# Reserve Windows 10 Icon not appearing in my task tray?



## Dididoo (Jun 6, 2015)

EDIT: I have found out that the Windows update KB2976978, which seems to be required for the icon to show up, has failed on my computer. I didn't know how to re-install it because it wouldn't show up when using Checking for Updates, so I uninstalled it.

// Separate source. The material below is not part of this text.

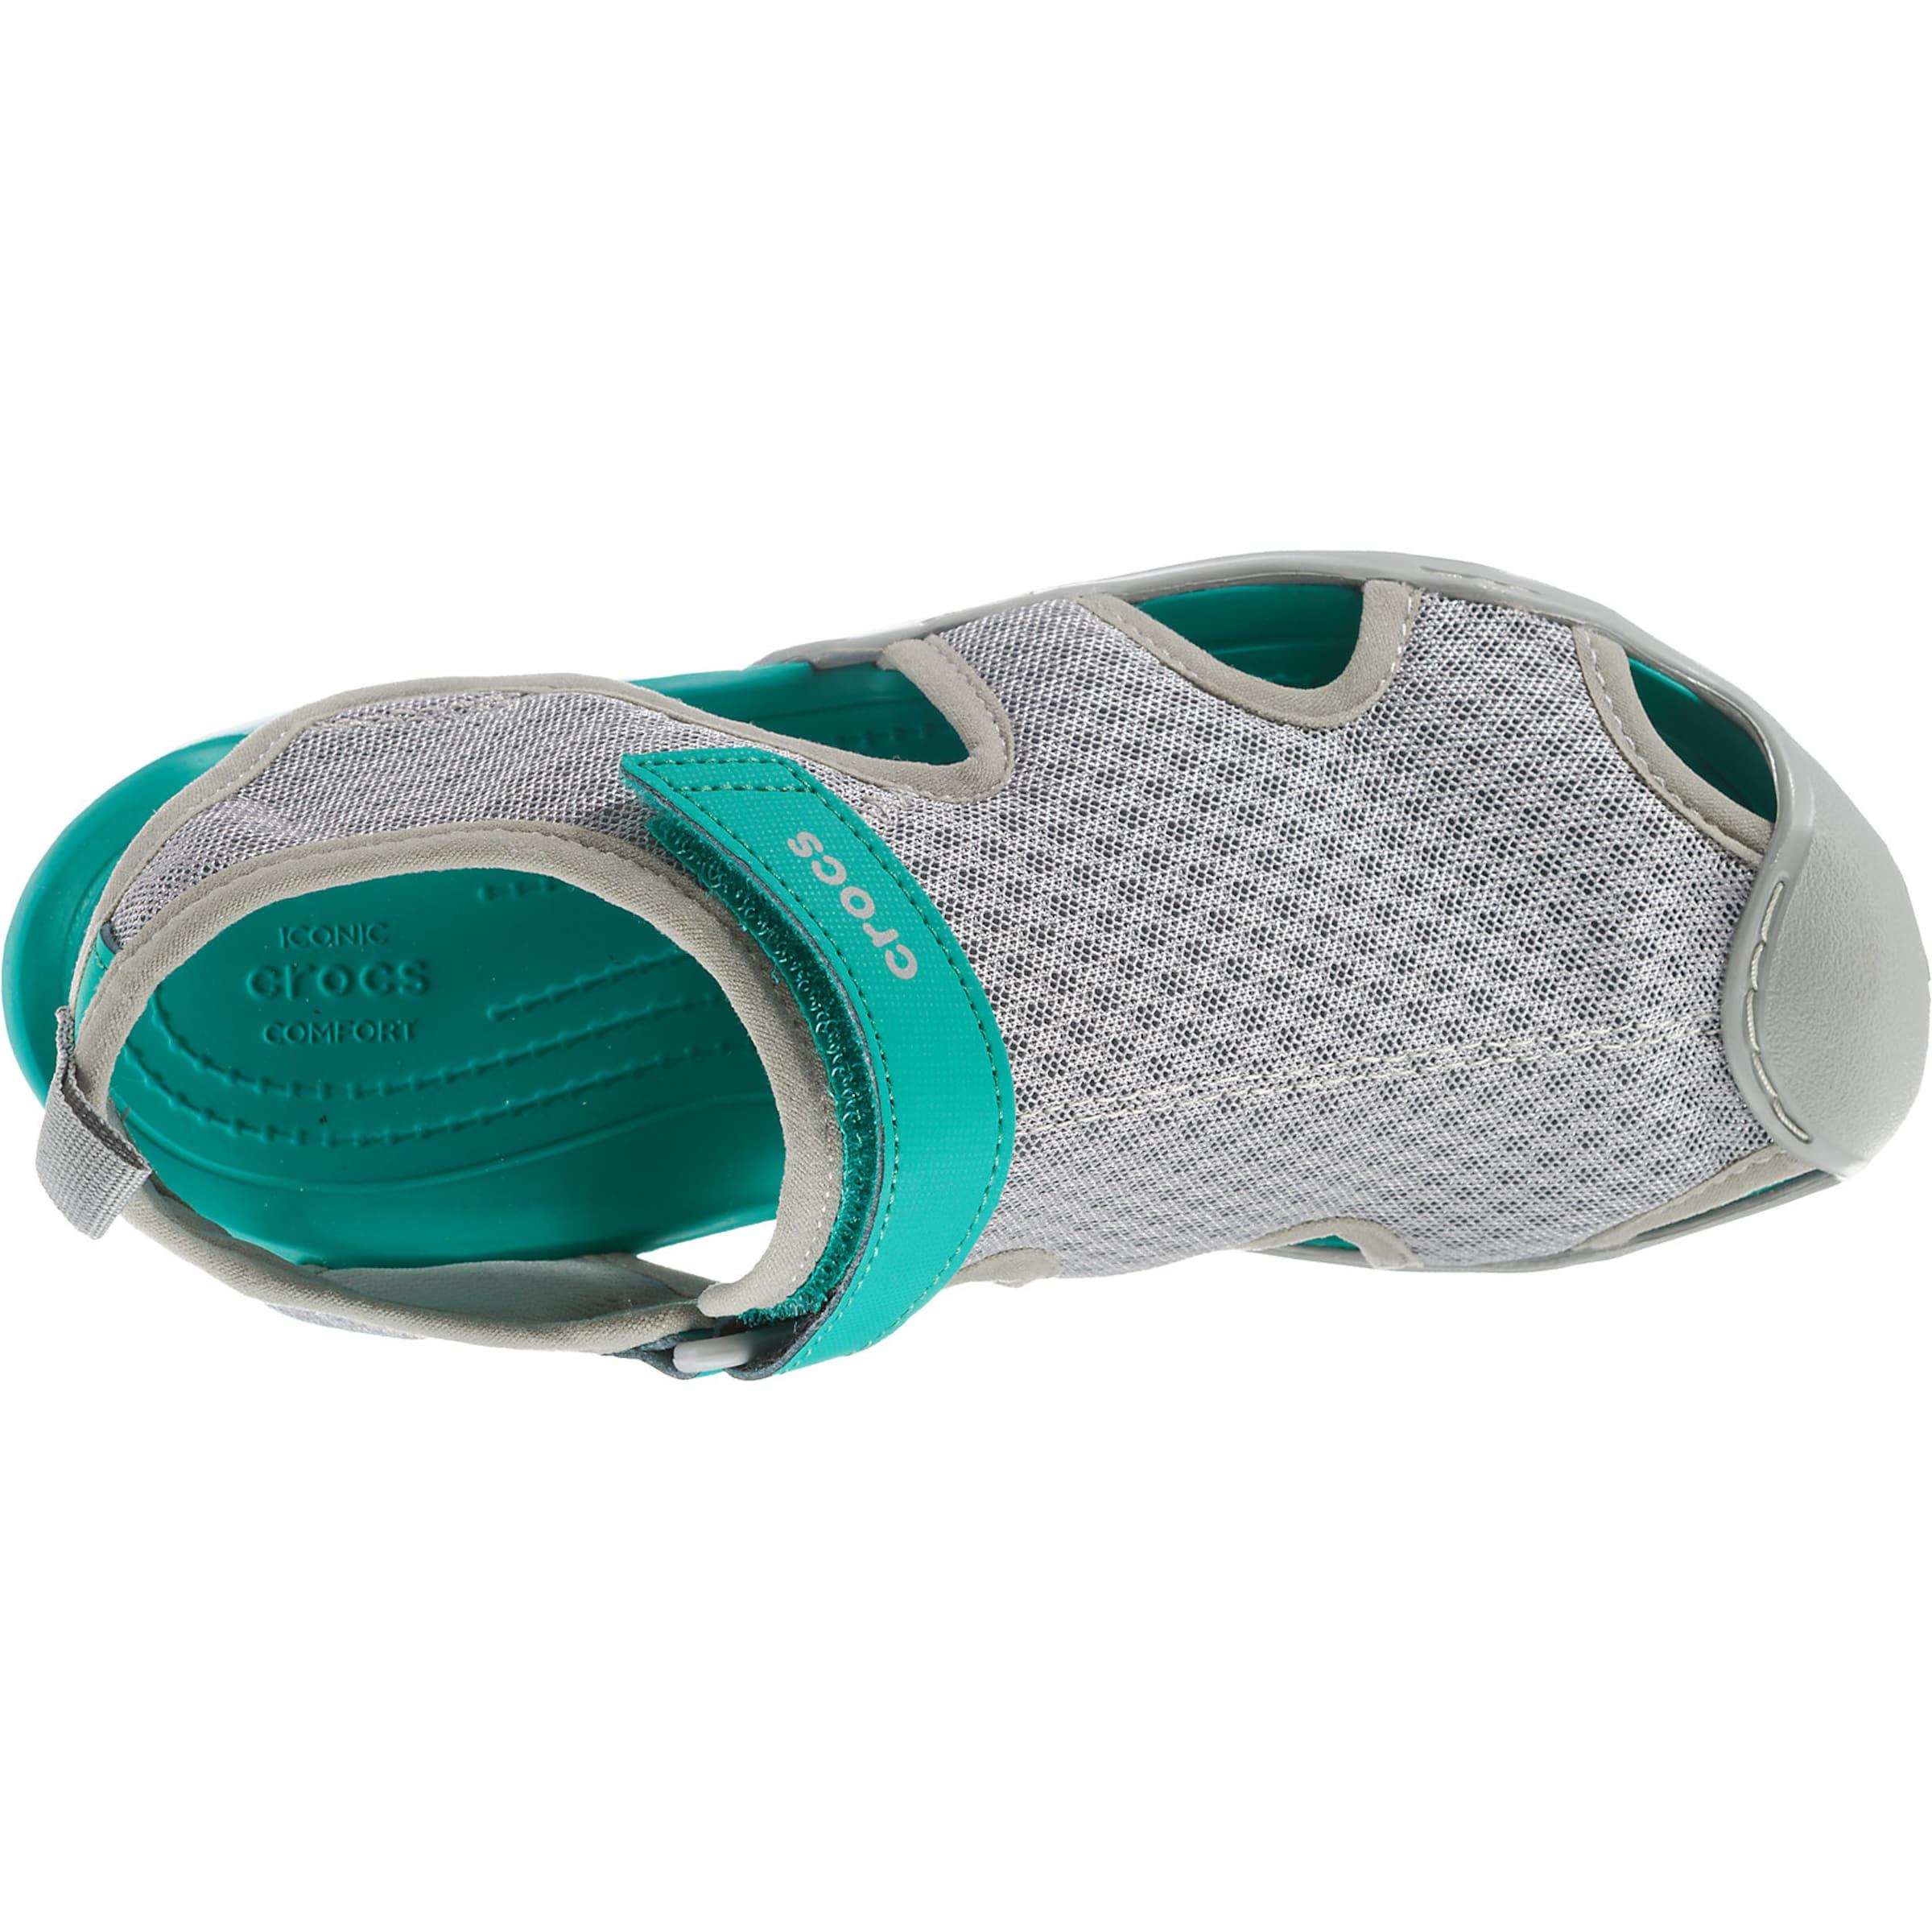 Crocs Sandale Sandale Sandale 'Swiftwater Textil Billige Herren- und Damenschuhe 39a4ac

For some reason all my update history was deleted upon uninstall, and when checking my installed updates, KB2976978 was still installed. I tried to check for updates but that did not find anything to download. I don't know what to do, please help!

Edit end
------------------------------------------------------

Basically what the title says.

I tried this: 

"Open notepad Type the following in:
REG QUERY "HKLM\SOFTWARE\Microsoft\Windows NT\CurrentVersion\AppCompatFlags\UpgradeExperienceIndicators" /v UpgEx | findstr UpgEx if "%errorlevel%" == "0" GOTO RunGWX reg add "HKLM\SOFTWARE\Microsoft\Windows NT\CurrentVersion\AppCompatFlags\Appraiser" /v UtcOnetimeSend /t REG_DWORD /d 1 /f schtasks /run /TN "\Microsoft\Windows\Application Experience\Microsoft Compatibility Appraiser" :CompatCheckRunning schtasks /query /TN "\Microsoft\Windows\Application Experience\Microsoft Compatibility Appraiser" schtasks /query /TN "\Microsoft\Windows\Application Experience\Microsoft Compatibility Appraiser" | findstr Ready if NOT "%errorlevel%" == "0" ping localhost >nul &goto :CompatCheckRunning :RunGWX schtasks /run /TN "\Microsoft\Windows\Setup\gwx\refreshgwxconfig"
Save as ReserveWin10.cmd, Double click, Wait, Enjoy!"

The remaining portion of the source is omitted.